Allete Clean Energy is planning to build an 80-megawatt wind farm near Geyser under a 15-year power purchase agreement with NorthWestern Energy.
Allete acquired the South Peak project from Peak Clean Energy and expects to bring it online by late 2019.
The project will feature GE wind turbines, combined with 15-year servicing agreement with General Electric, according to a company release.
More information about the energy prices from the South Peak wind project should be available this week, since NorthWestern Energy plans to file notice on Monday with the Public Service Commission.
The South Peak wind farm will be located next to NorthWestern Energy’s existing Spion Kop wind farm and electricity will be fed into NorthWestern’s transmission grid via a direct connection, according to Allete.
NorthWestern currently has just under 450 megawatts of wind capacity on its system now, according to Butch Larcombe, NorthWestern spokesman.
The Allete project is what is known as a “qualifying facility,” the product of the 1970s-era federal law, the Public Utilities Regulatory Policy Act, or PURPA, Larcombe said. NorthWestern is required to buy power from qualifying facilities, Larcombe said, regardless of whether the company needs it.

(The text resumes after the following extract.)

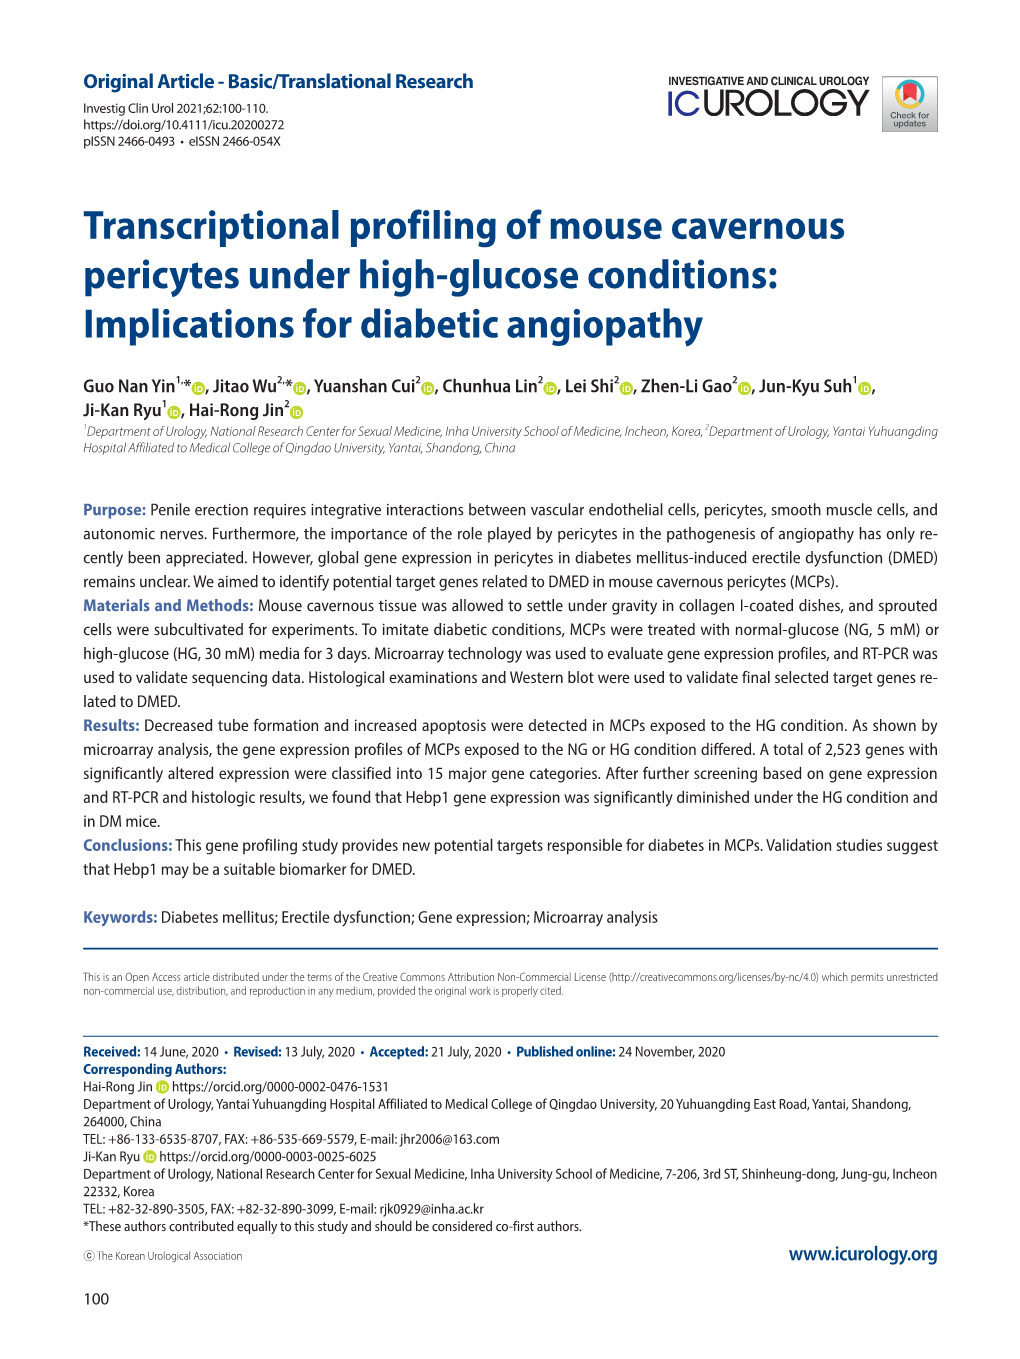 Transcriptional Profiling of Mouse Cavernous Pericytes Under High-Glucose Conditions: Implications for Diabetic Angiopathy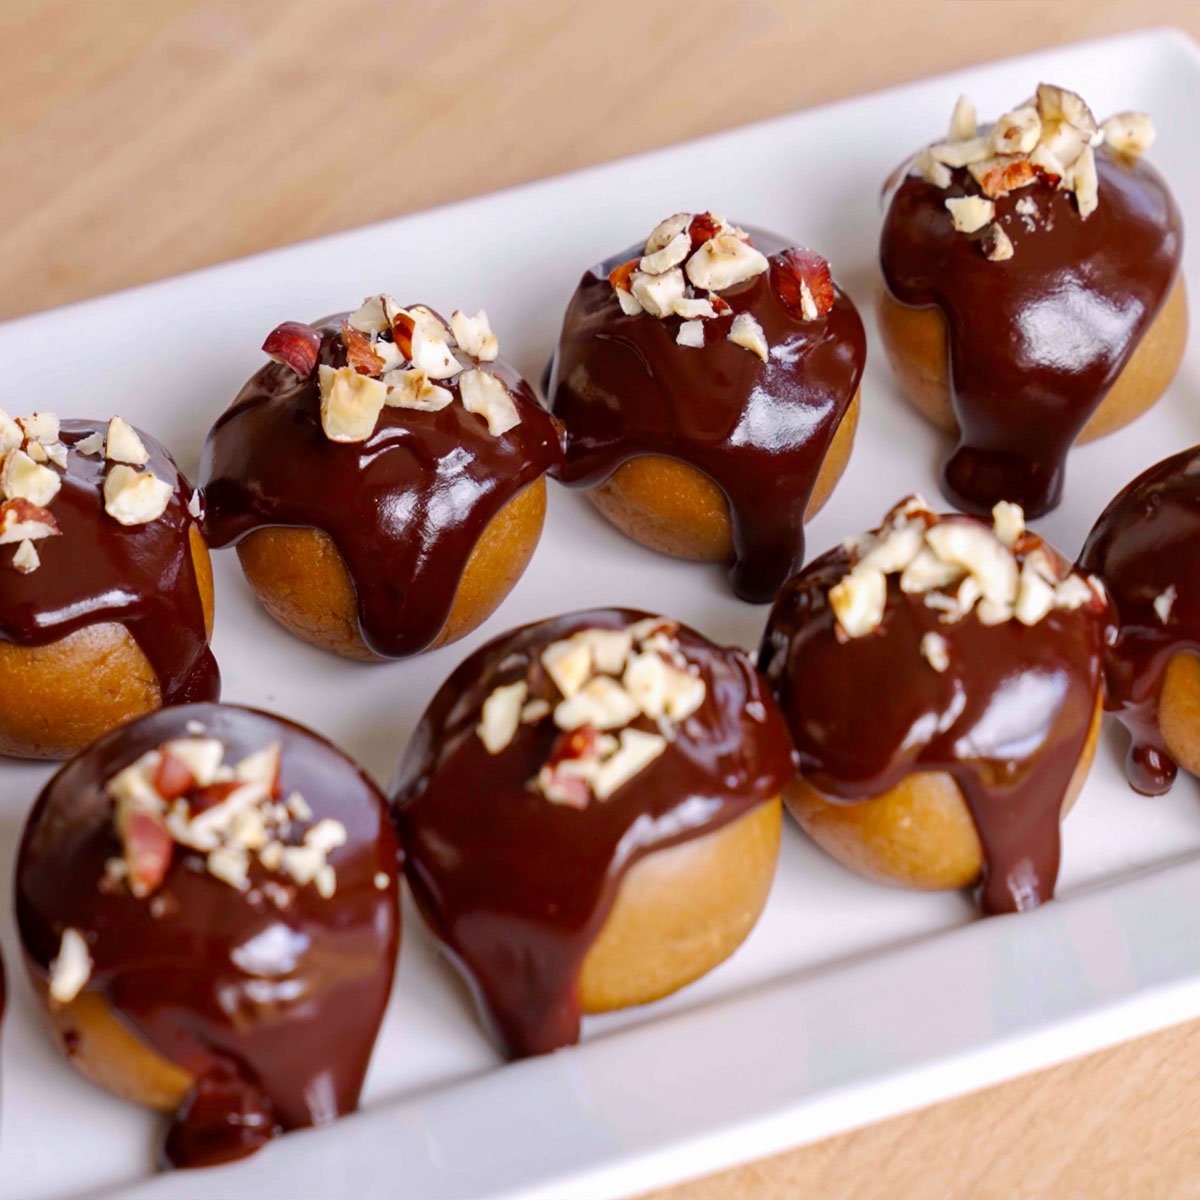 Image of Turtle Cookie Balls, cookies balls filled with Hazelnut spread or Nutella and covered with chocolate and chopped hazelnuts

NorthWestern has other potential qualifying facility wind-generation projects in the works, Larcombe said, and the company has power purchase agreements with three other projects that could have capacity of about 185 megawatts. With the Allete project, the total is about 265 megawatts of possible added generation, Larcombe said, though there is no guarantee that all the projects will materialize.
In order to qualify for federal renewable energy production tax credits, the project will use wind turbines purchased by Allete Clean in 2016 that meet the standards for the production tax credit “safe harbor” provision, according to an Allete release.
“With more untapped safe harbor capacity and the continued interest in renewable wind energy within the industry, Allete Clean Energy’s deal pipeline remains robust as it answers the call to transform the nation’s energy landscape,”Alan Hodnik, Allete’s chairman, president and chief executive, said in a release.
Wind is becoming a top source of electricity for NorthWestern Energy. The company currently has about 480 megawatts of hydro generation capacity; 240 megawatts of coal-related generation; about 60 megawatts of natural gas generation capacity and 17 megawatts of solar capacity, according to Larcombe.
Those figures are the maximum possible output of the generating plants, Larcombe said, and the actual output is lower.
About 60 percent of the electricity NorthWestern Energy provides to Montana customers comes from renewable wind, water and solar, Larcombe said.
“The coal and natural gas are critical to our ability to provide reliable, affordable service to our customers, regardless of whether the wind is blowing,” Larcombe said. “We needed added generation capacity in Montana to meet regional reliability standards and the daily needs of our customers. While wind can help somewhat, it is highly variable and not always available when we need it the most, often on the coldest and hottest days of the year.”